From left, Brian Catapang, Brittany Saliwanchik, Julia Russell and Carmen Harris plan to open a new bar/restaurant in Biddeford later this year. As part of their plan, the will renovate Liberty Park and create a more inviting gateway to the city. DINA MENDROS/JournalTribune

BIDDEFORD — Less than a year ago, Julia Russell and Carmen Harris were visiting a downtown Biddeford restaurant and began talking with bartender Brian Catapang and his co-worker, Brittany Saliwanchik. They discussed the importance of creating and being part of a community and discovered they were philosophically aligned.

That conversation was the starting point when the four to decide to go into business together and open a restaurant in Biddeford, employing their vision of becoming part of and contributing to the existing community.

“We want to promote out community efforts and want to add and give back to the community,” Russell said.

The partners plan to open Magnus on Water, a cocktail bar/restaurant, named for Catholic saint Albertus Magnus, sometime this summer. The restaurant is being named for the Catholic saint who lived in the 12th and 13th centuries “in homage to his progressive ideas on science” and his interest in foraging, Saliwanchik said.

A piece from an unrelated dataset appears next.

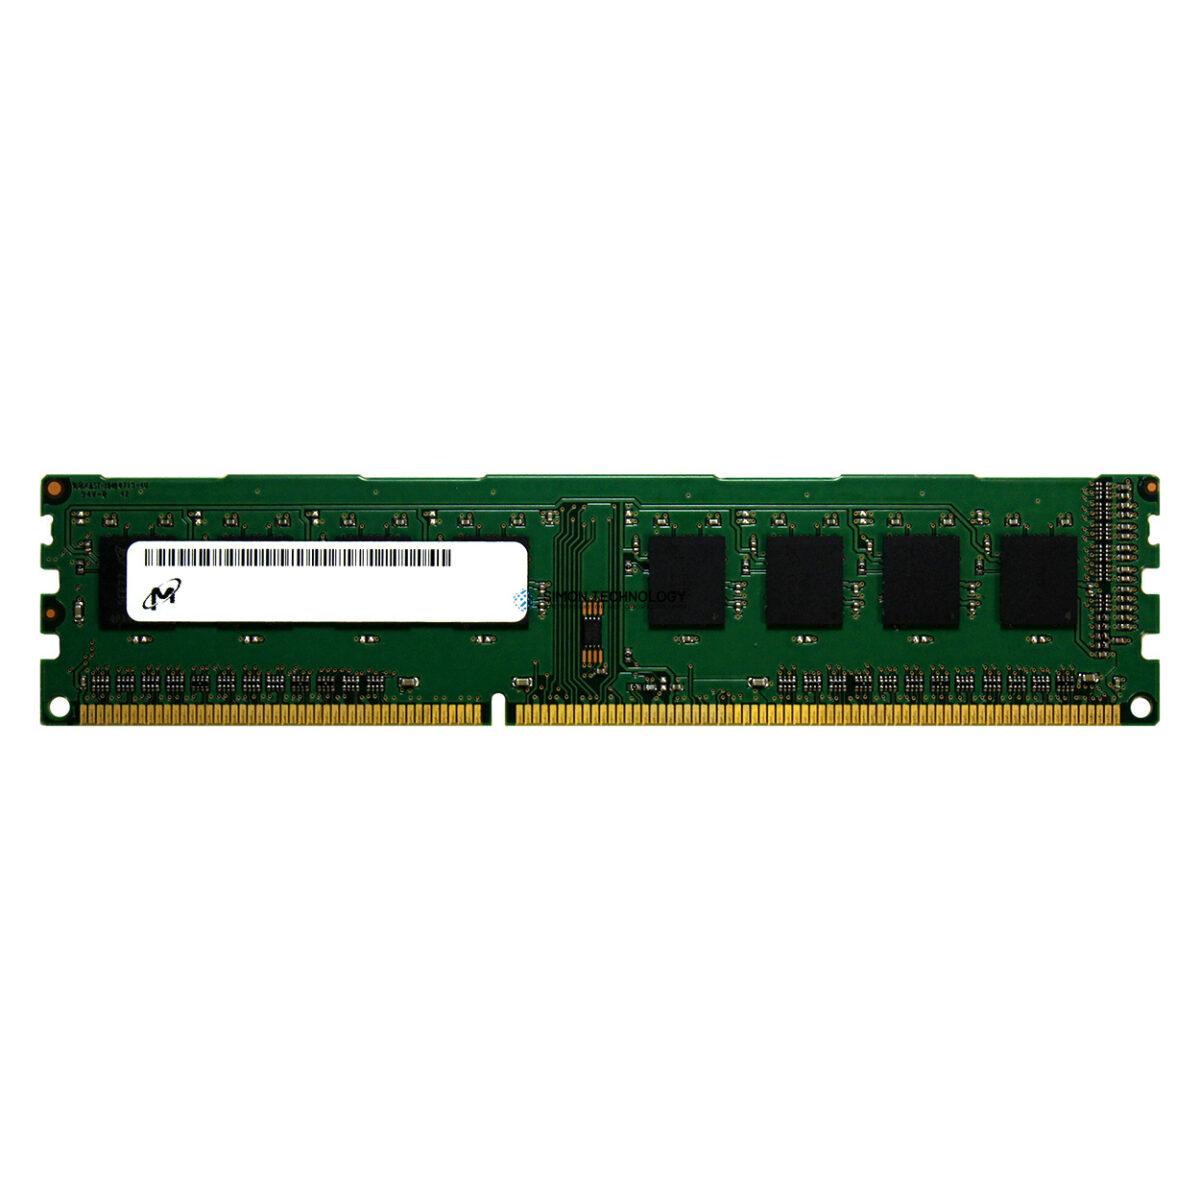 Оперативная память Micron MICRON 2GB (1*2GB) 1RX8 PC3L-10600R-9 DDR3-1333MHZ MEMORY (WH190)

It will be located at 12 Water St., near Main Street, the former home of the gift store La Cava. Russell’s company Tale Wind LLC purchased the building in November.

Three of the four partners are Maine natives, who have lived elsewhere and returned to Maine in recent years. Russell is from neighboring Saco, Catapang from York and Saliwanchik from Bangor. Harris is from Knoxville, Tennessee but says she already feels that she’s a part of the local community.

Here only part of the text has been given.